Looking After Yourself And Your Baby During Pregnancy
Whether you're planning for pregnancy or have fallen pregnant, diet, exercise, and wellbeing are central to healthy, happy development. Get ready to be bombarded with information, whether from family and friends or internet cookies following you around the web. The trick to deciphering it all is reminding yourself that every pregnancy is unique. Listen to your body; it knows what you need better than any search result, and only take on board positive content that prepares rather than scares.
With that in mind, we're going to focus on the things you can do – rather than those you can't – fuelling confident pregnancy experiences all-round.
Becoming the queen of snacks
Pregnancy is measured in three stages: first, second and third trimester. Many women cannot stomach as much food during the first trimester, with surging hormones causing nausea and sickness. Managing this can be tricky – both Mother and baby need enough food to develop – but that's hard when random smells trigger a run to the toilet. To alleviate this, consider a little and often approach to meals. Moving into the second and third trimester, this approach makes even more sense, as the growing bump takes room away from the stomach, making it harder to physically fit big meals in.
Little and often might look like this: A light breakfast, lunch, and dinner, interspersed with healthy snacks to keep energy up. By snacks, we suggest grabbing humous, guacamole, fruit, carrot sticks, Greek yoghurt, seeds, or nuts, to name just a few. Making a personalised trail mix is a great way to get all the good stuff exactly as you like it, so why not have some fun making your own recipe.
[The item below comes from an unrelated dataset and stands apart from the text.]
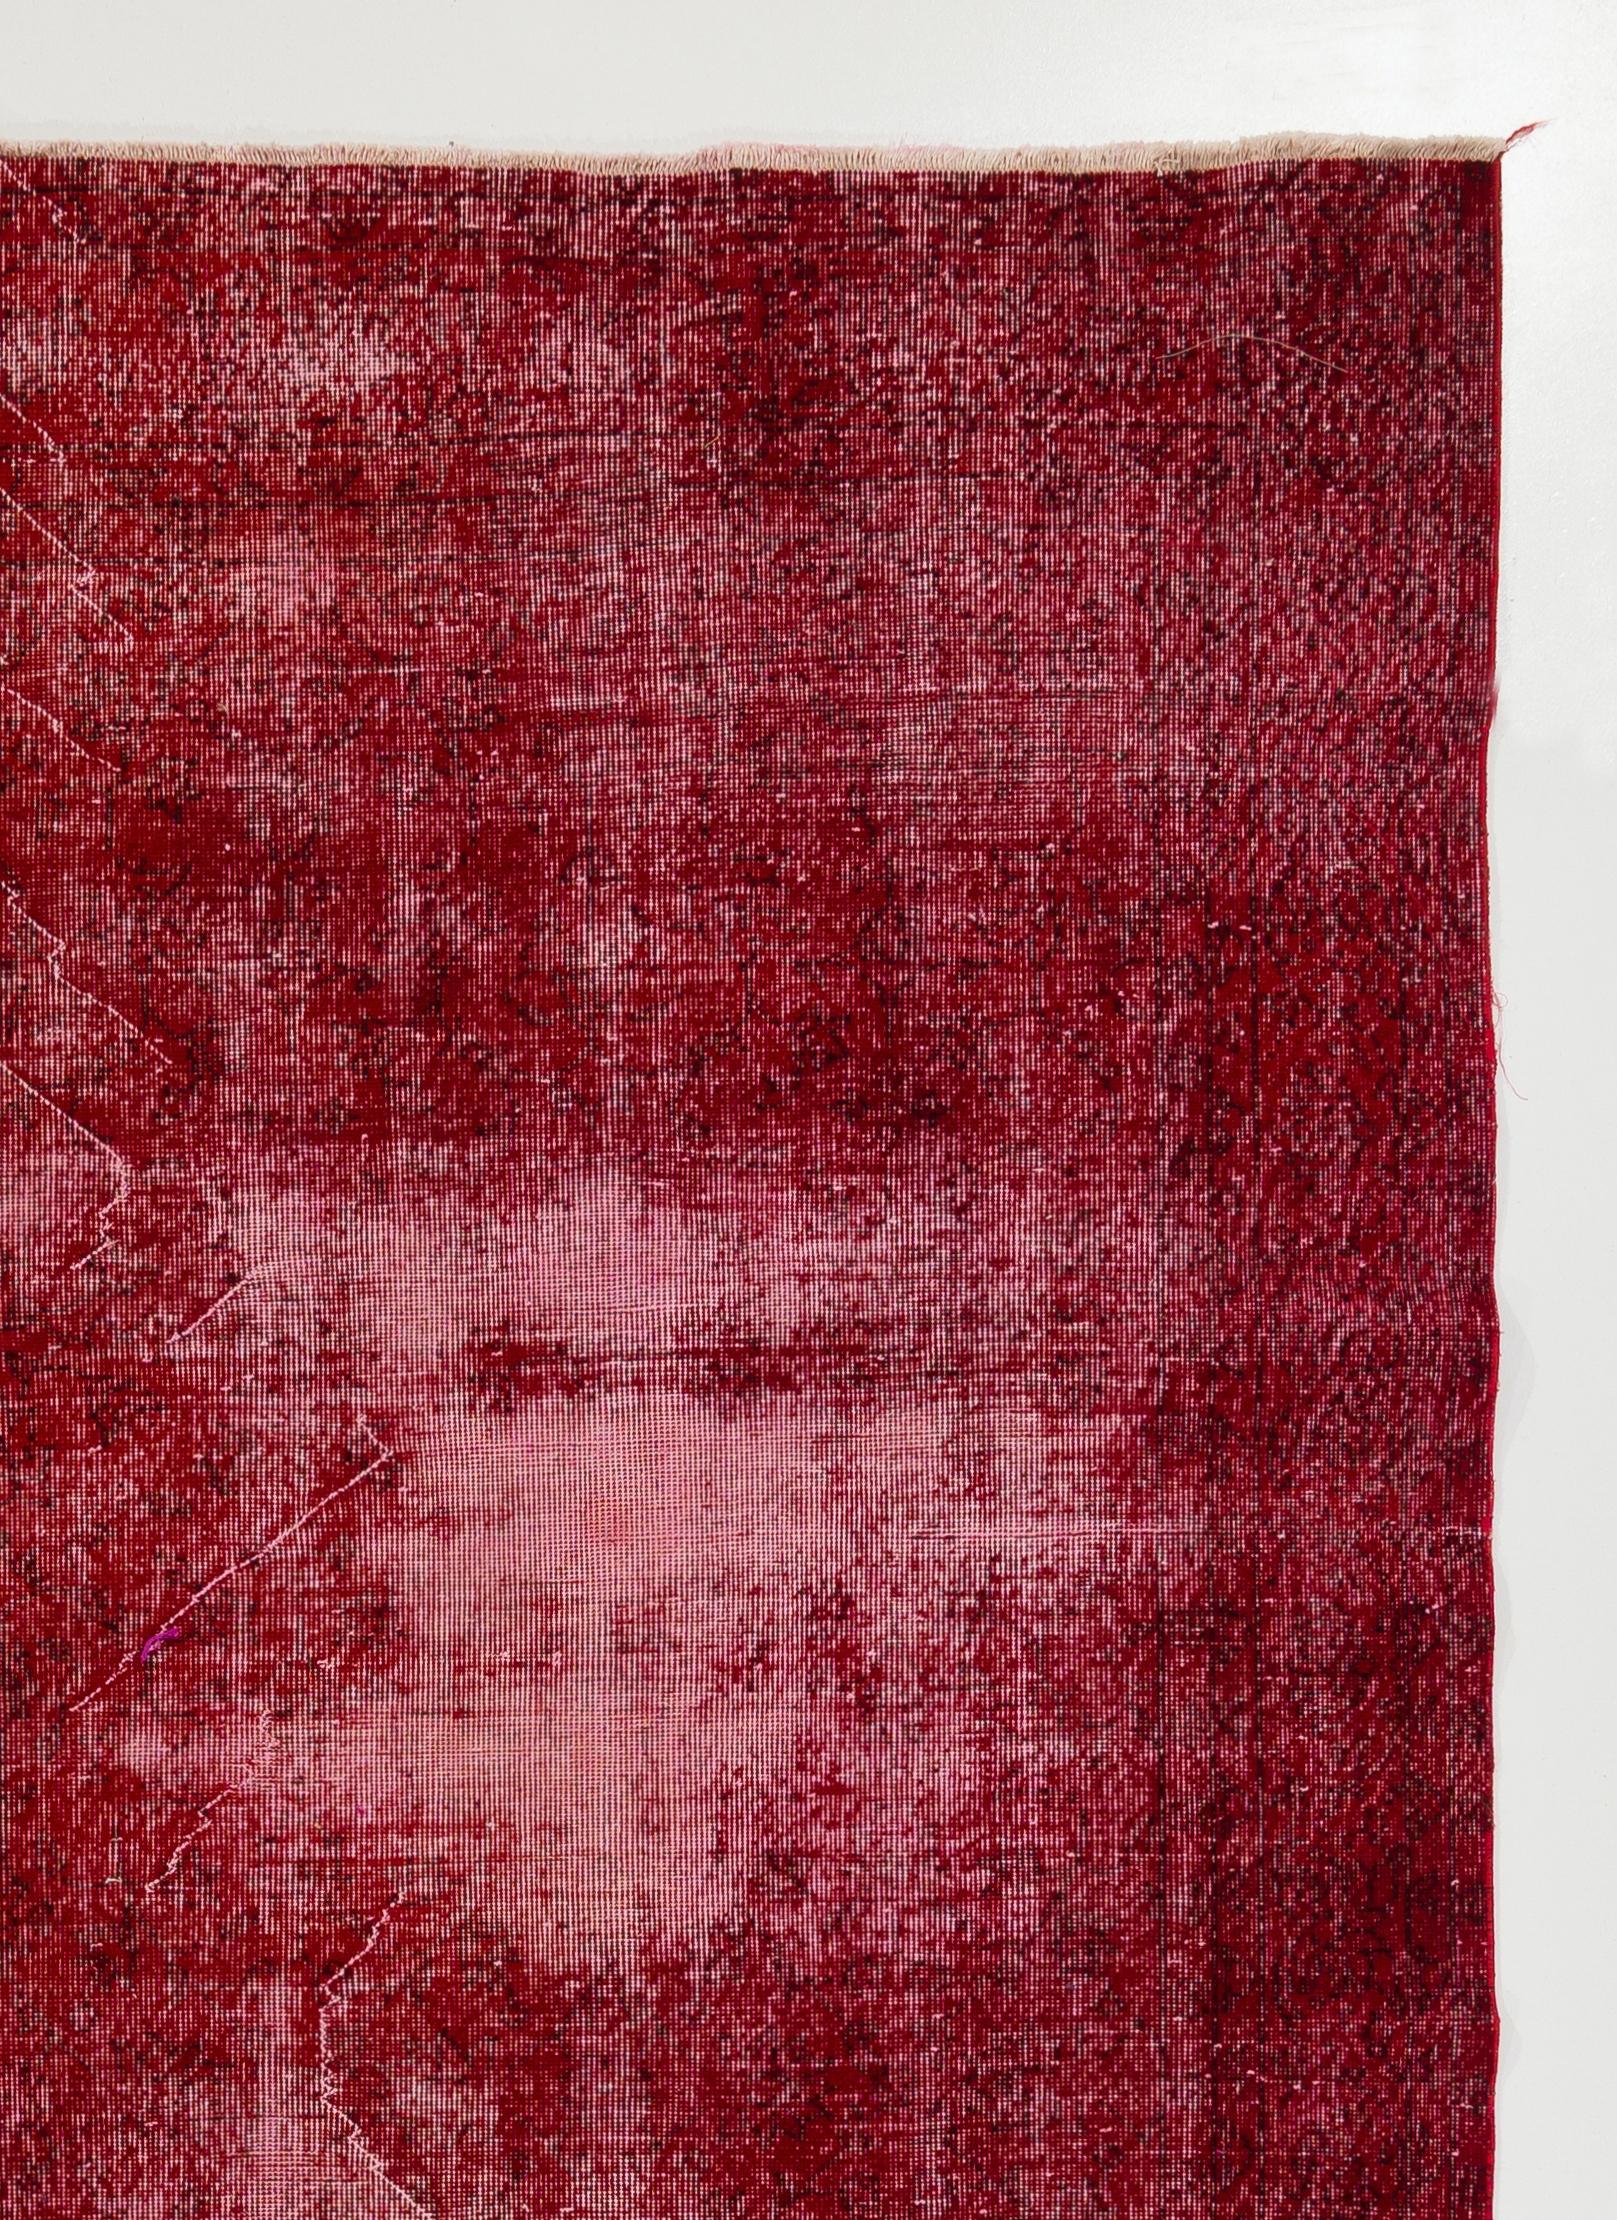 Modern 7.8x10.8 Ft Vintage Turkish Rug in Ruby Red, Distressed Handmade Wool Carpet For Sale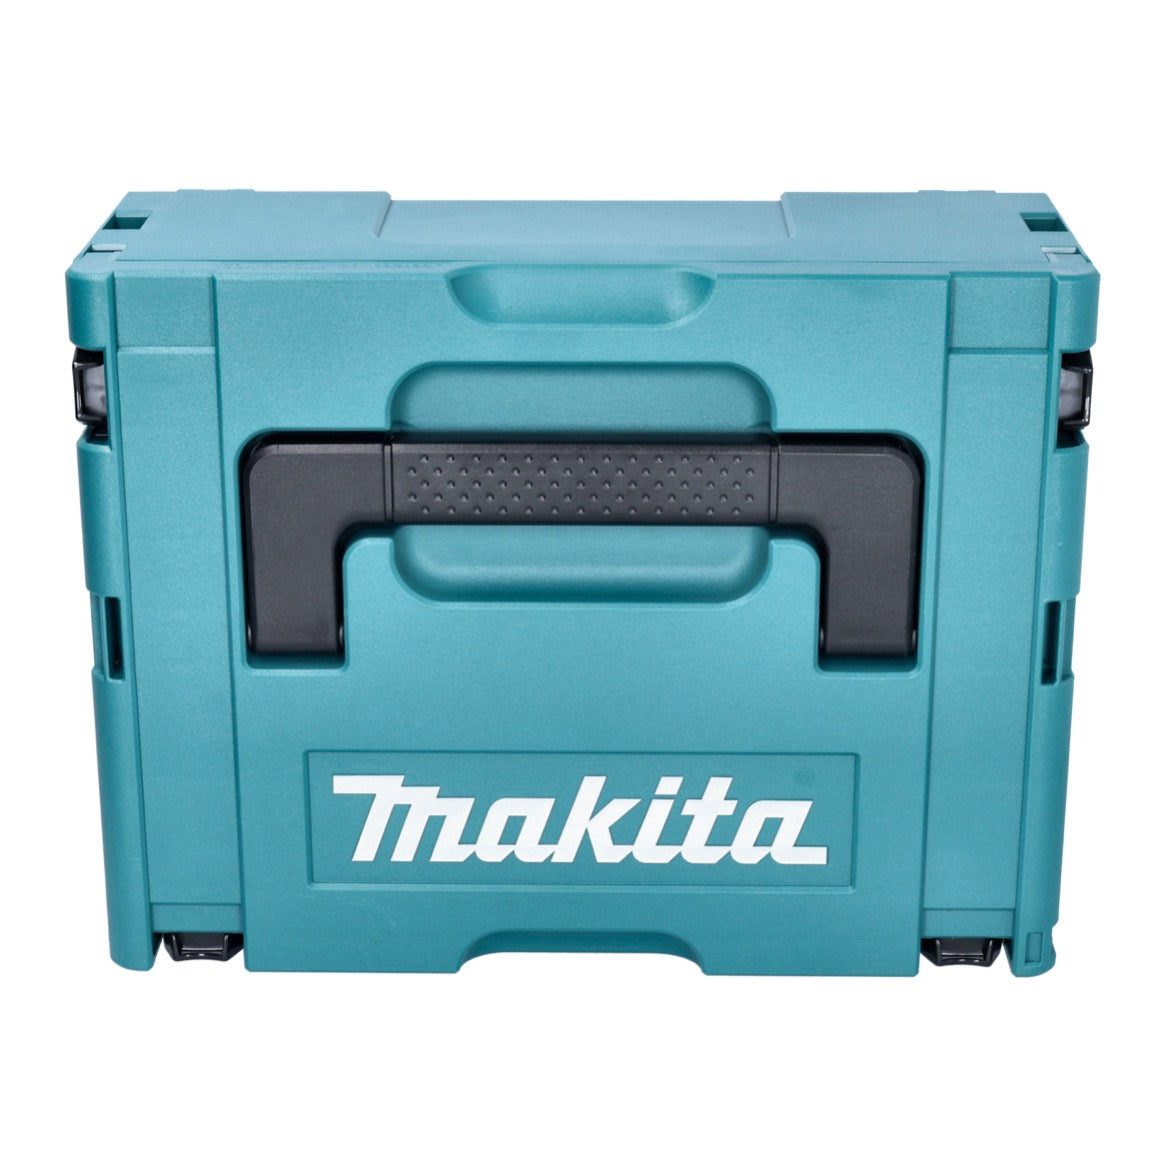 Makita DDF 489 M1J Akku Bohrschrauber 18 V 73 Nm Brushless + 1x Akku 4,0 Ah + Makpac - ohne Ladegerät

Need some inspiration? Here's our trail mix template:
Combine a few of these in a tasty combo:
- Nuts, e.g., pistachios, pecans, walnuts, almonds
- Seeds, e.g., sunflower, sesame, flax, pumpkin
- Dried fruit, e.g., banana, cranberries, cherries, mango, dates
- Grains, e.g., granola, toasted oats, puffed rice, popcorn
- Fun bits, e.g., cacao nibs, dark chocolate, coconut
- Spice it up, e.g., cinnamon, nutmeg, sea salt, chilli powder
Alcohol-free isn't a drag anymore
From the moment a pregnancy test shows positive, it's time to wave goodbye to alcohol. While research suggests you can have a small amount, we wonder 'why bother' when so many tasty alternatives are available. More people, even outside of pregnancy, are choosing to go teetotal, and as the trend takes hold, the variety and quality of alcohol-free drink increases. Numerous alcohol-free spirits, wines, and beers quench the thirst for something special, most tasting the same if not better than their alcoholic predecessors. Taste without negative health implications or hangover – win, win, right? Not only that, the range of traditional soft drinks is expanding beyond sugary coke and lemonade, a welcome sight for any teetotaller.
A helping hand from multi-vitamins
Eating a balanced diet is essential during pregnancy but not always possible. After all, we lead busy lives and have intense cravings to contend with, some of which aren't the healthiest ("hello, chocolate digestives"). Nevertheless, pregnancy demands some essential nutrients - like folic acid, which supports the development of the baby's spine, spinal cord, and brain during the early stages. Similarly, vitamin D regulates calcium and phosphate levels, which build a baby's bones, teeth, and muscles. Getting enough of these and everything else a growing bump needs is a challenge purely through diet. But don't worry too much; that's where pregnancy multi-vitamins come in handy.
Pregnancy is a tough job, so a dedicated mix of vitamins and minerals designed for baby growing gives expectant Mum's peace of mind. However, it's worth remembering that taking a pregnancy supplement doesn't mean a poor diet gets the go-ahead; they should be treated as a top-up, supporting dietary areas that might be lacking.
So, what should every good pregnancy multi-vitamin contain? Here are a few nutrients to look out for and how the baby uses them:
- Folic acid and folate – development of the spine, spinal cord, and brain
- Vitamin D - regulates levels of calcium and phosphate
- Vitamin C – supports Mum and baby in immunity, repair, and iron absorption
- Iron – supports Mum and baby's blood health
- Calcium – strengthens bones and teeth
- DHA – development of the eyes and brain
- Iodine – development of the brain
There's a lot of information about what women shouldn't do during pregnancy – and anyone expecting should educate themselves on those facts. Growing a baby is an impressive natural process; however, there are loads of tasty, healthy tricks to make the journey easier. Good diet, light exercise, and self-care are the best tools expectant Mums have and getting those right should result in a beautiful bundle of joy.